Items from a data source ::
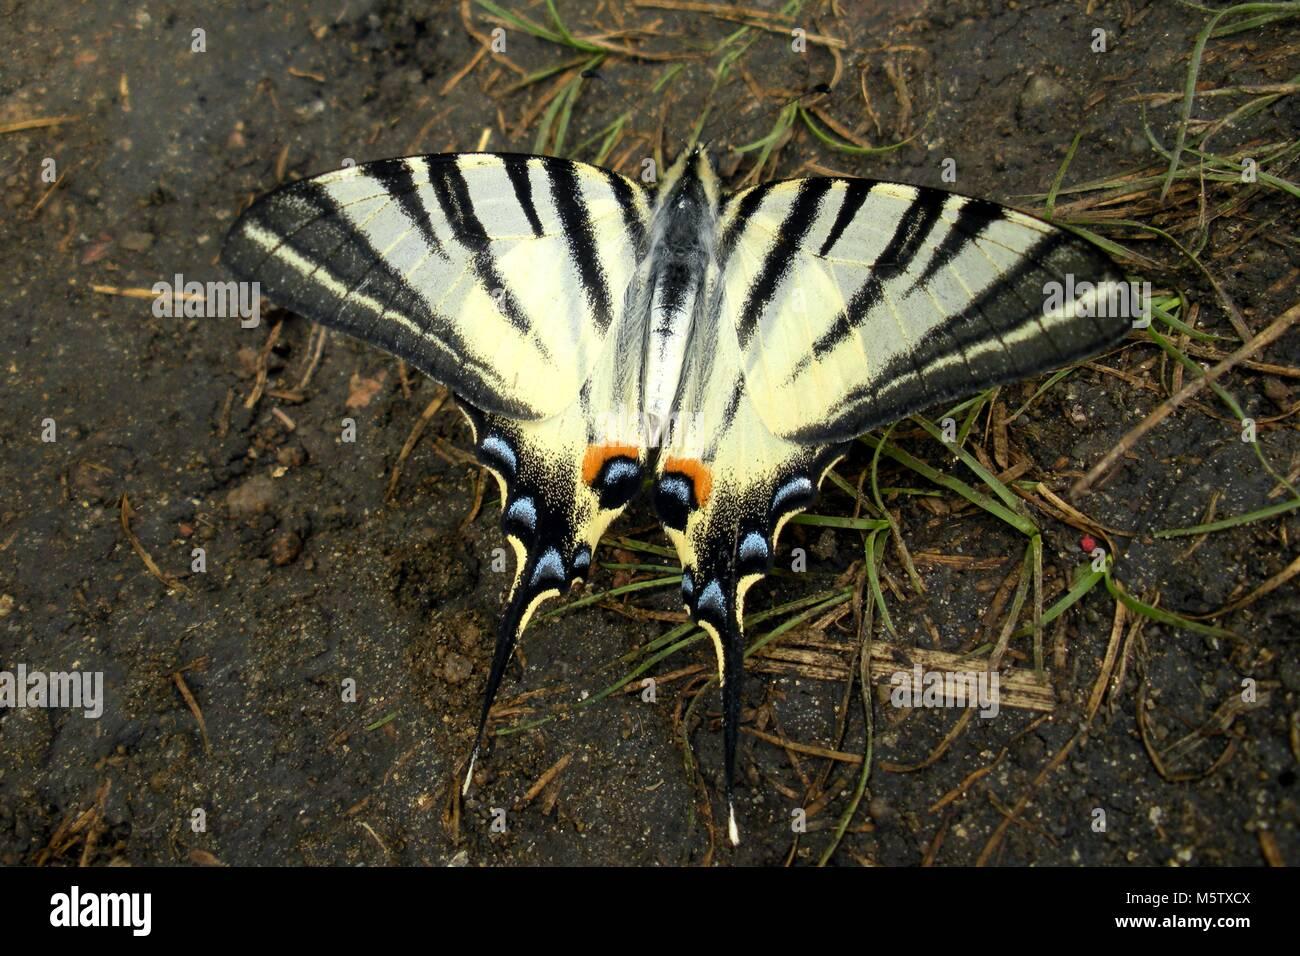 Sail swallowtail bytterfly. Stock Photo
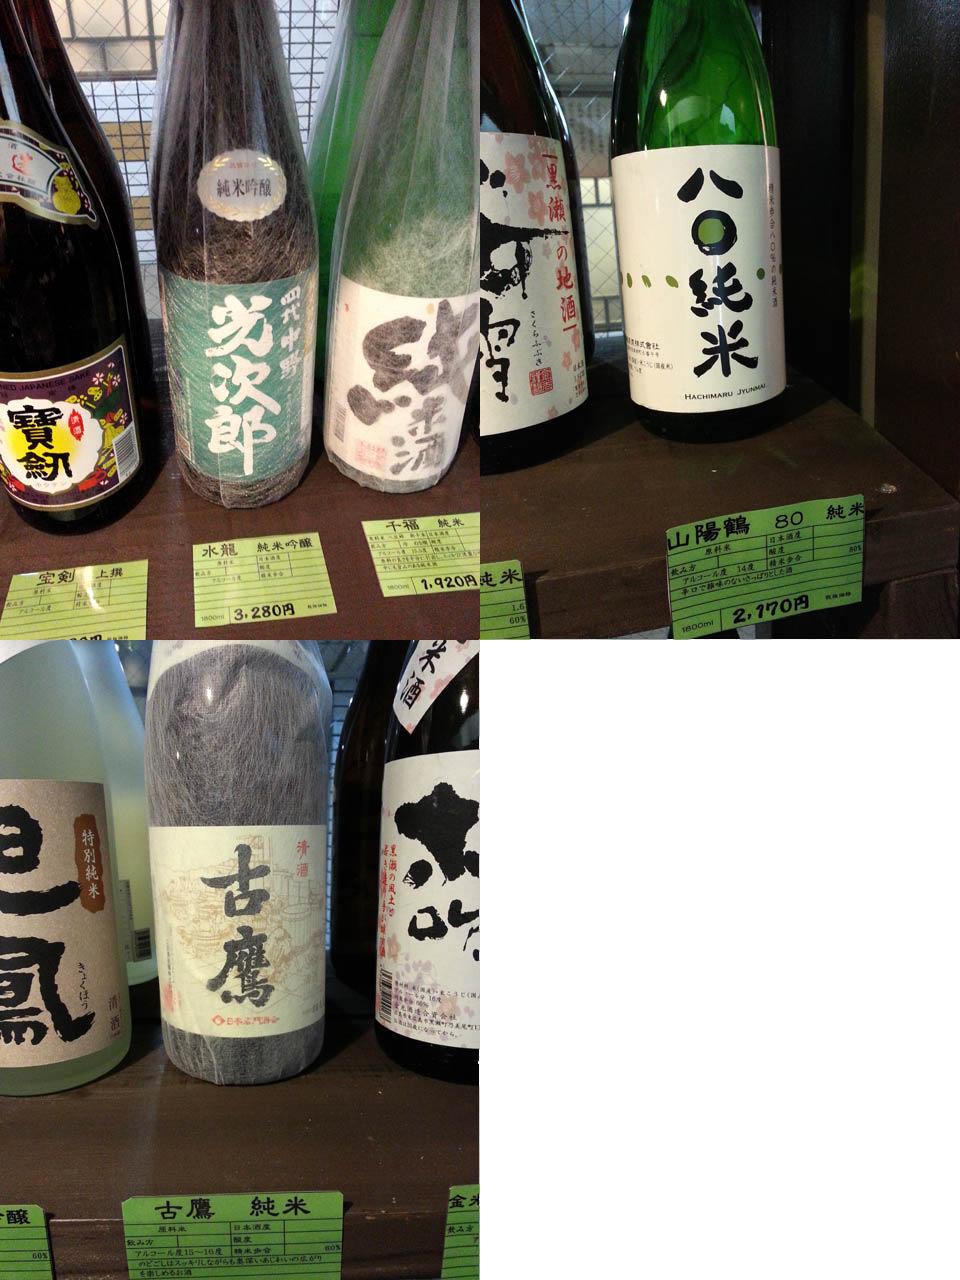 aonisai_013_new_0004.jpg
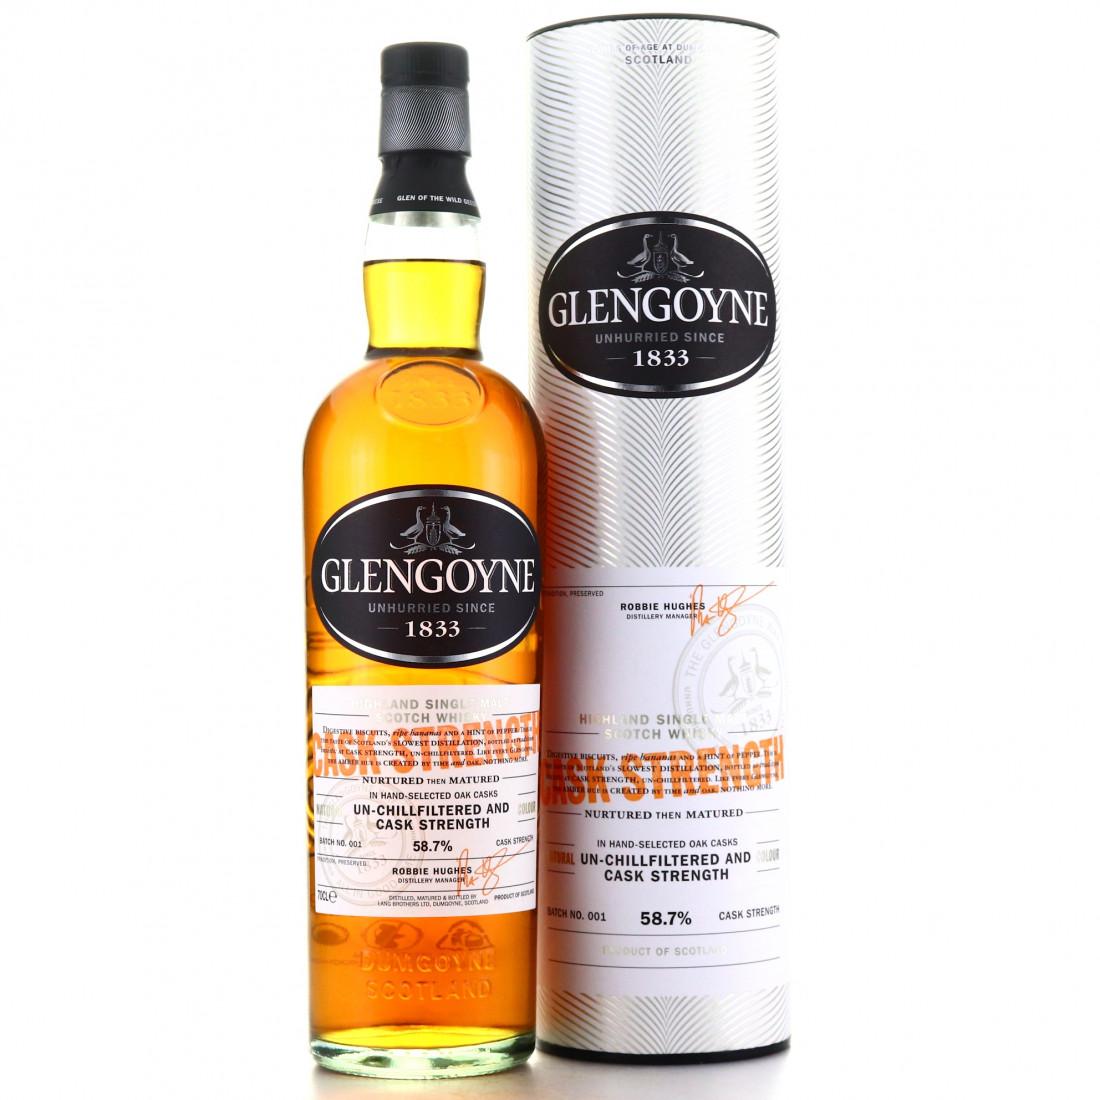 Glengoyne Cask Strength Batch #1
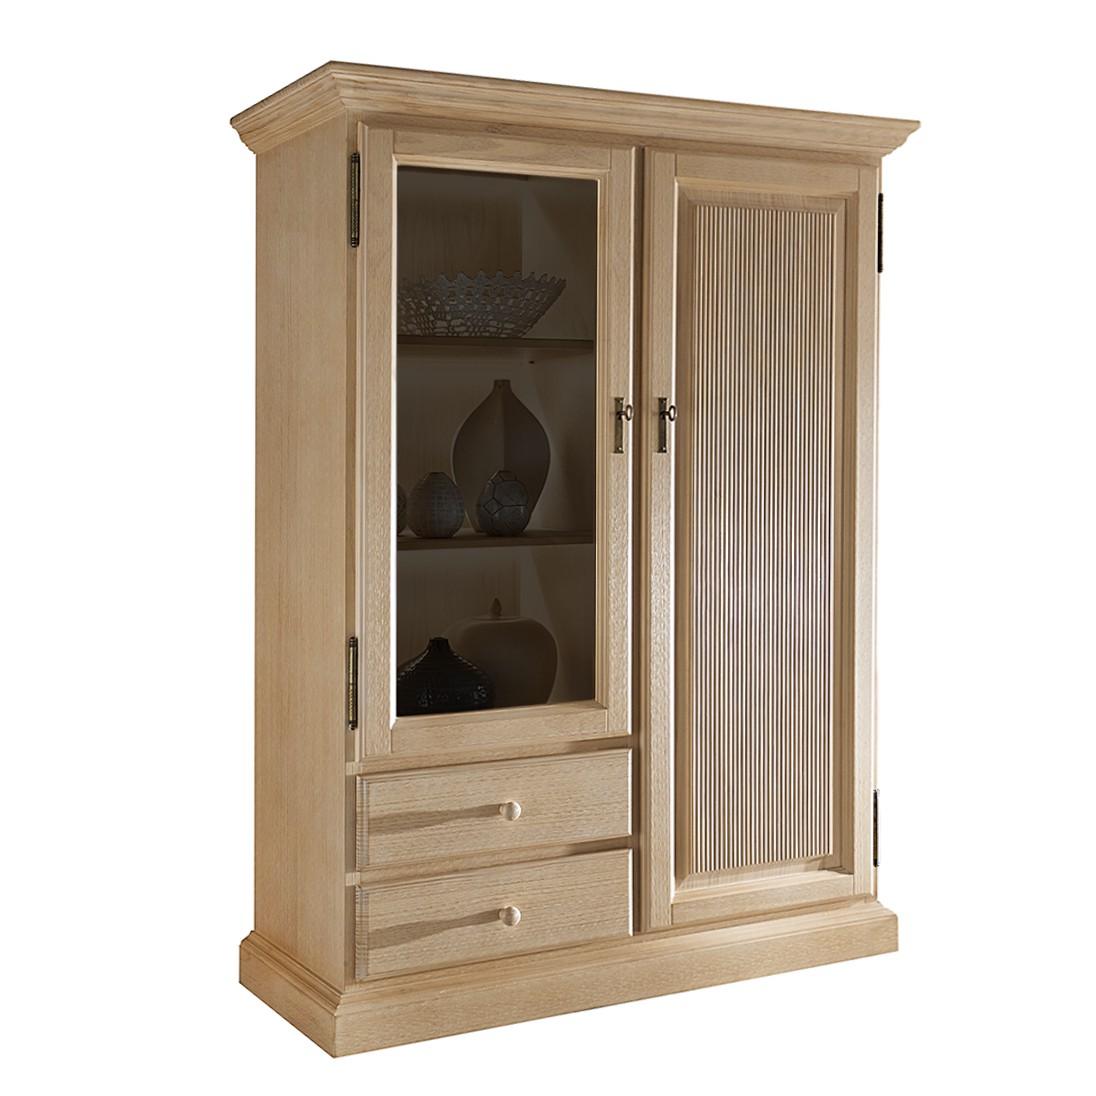 Home 24 - Armoire vitrine breddin iii - pin massif - sans éclairage, maison belfort
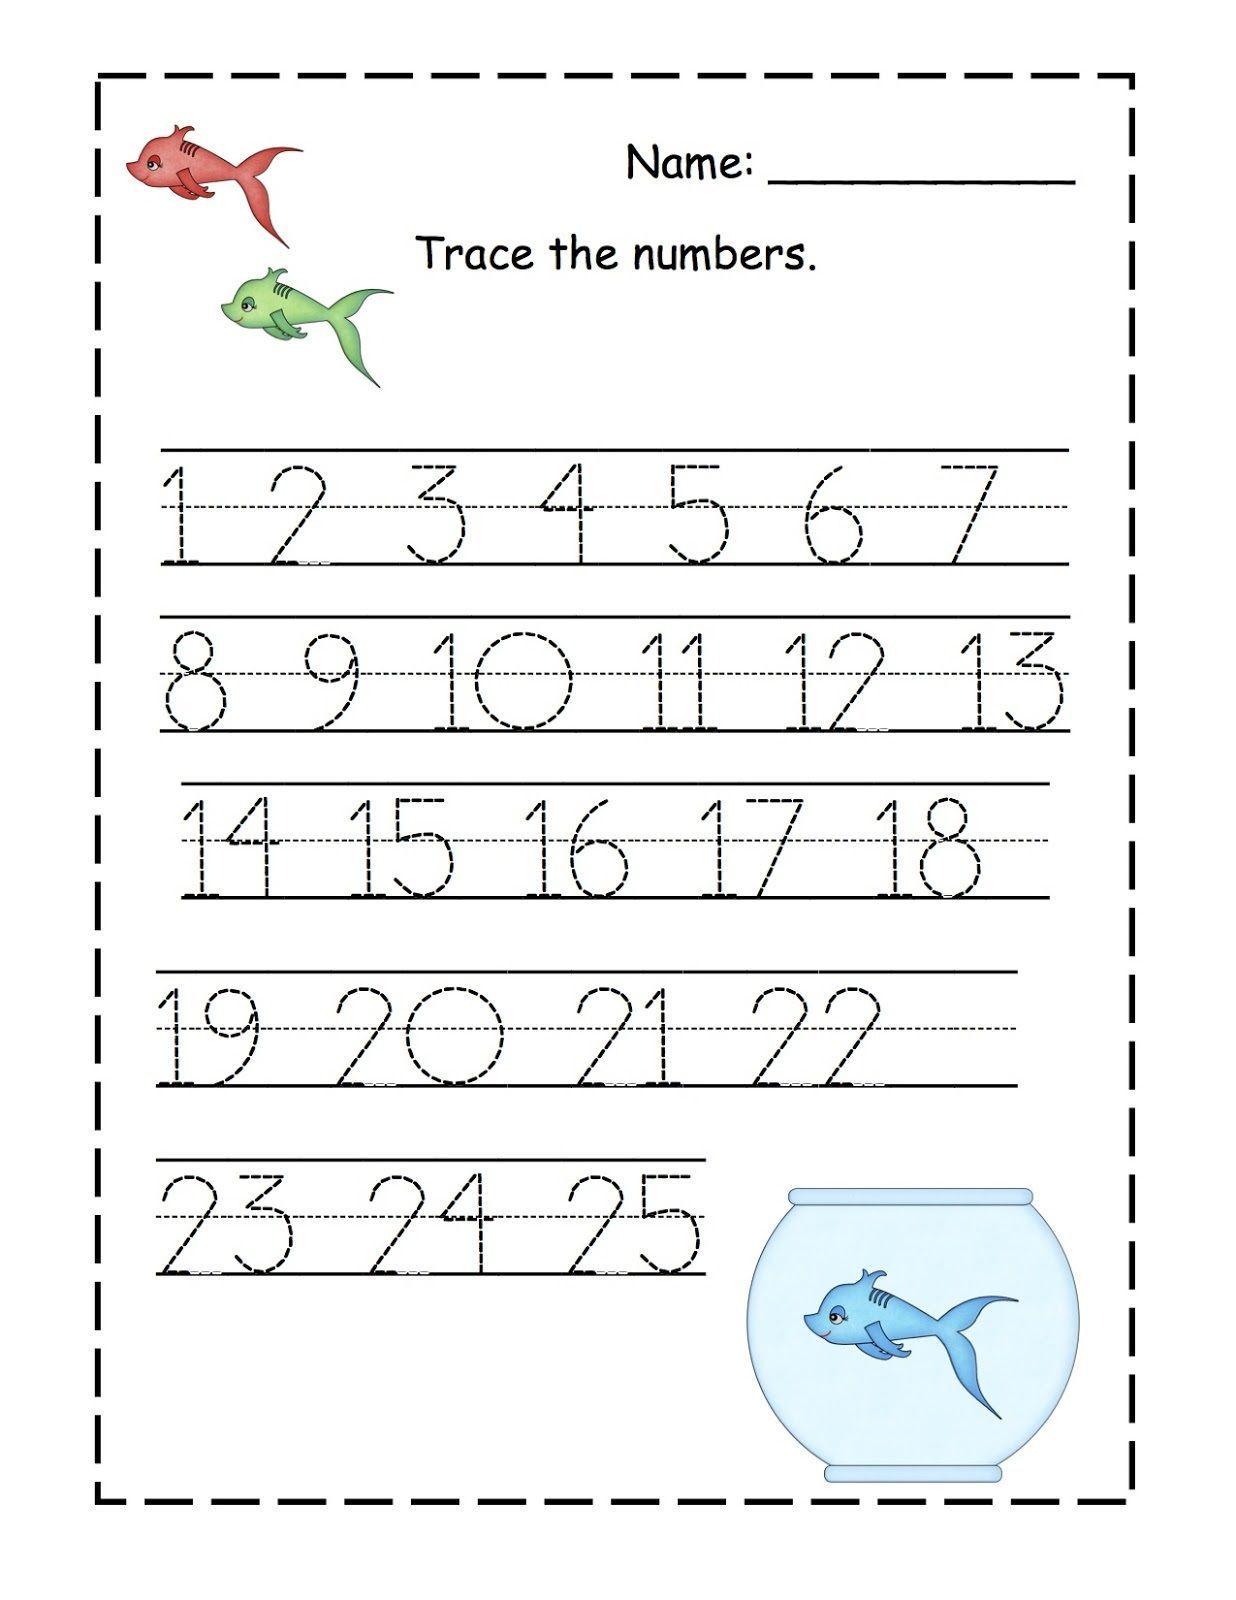 Printables Traceable Numbers Worksheets 1 20 Traceable

Task details :: Each line of the data should be quoted exactly, with pictures left out.

Result of the exercise ::
 Sail swallowtail bytterfly. Stock Photo
 aonisai_013_new_0004.jpg
 Glengoyne Cask Strength Batch #1
 Home 24 - Armoire vitrine breddin iii - pin massif - sans éclairage, maison belfort
 Printables Traceable Numbers Worksheets 1 20 Traceable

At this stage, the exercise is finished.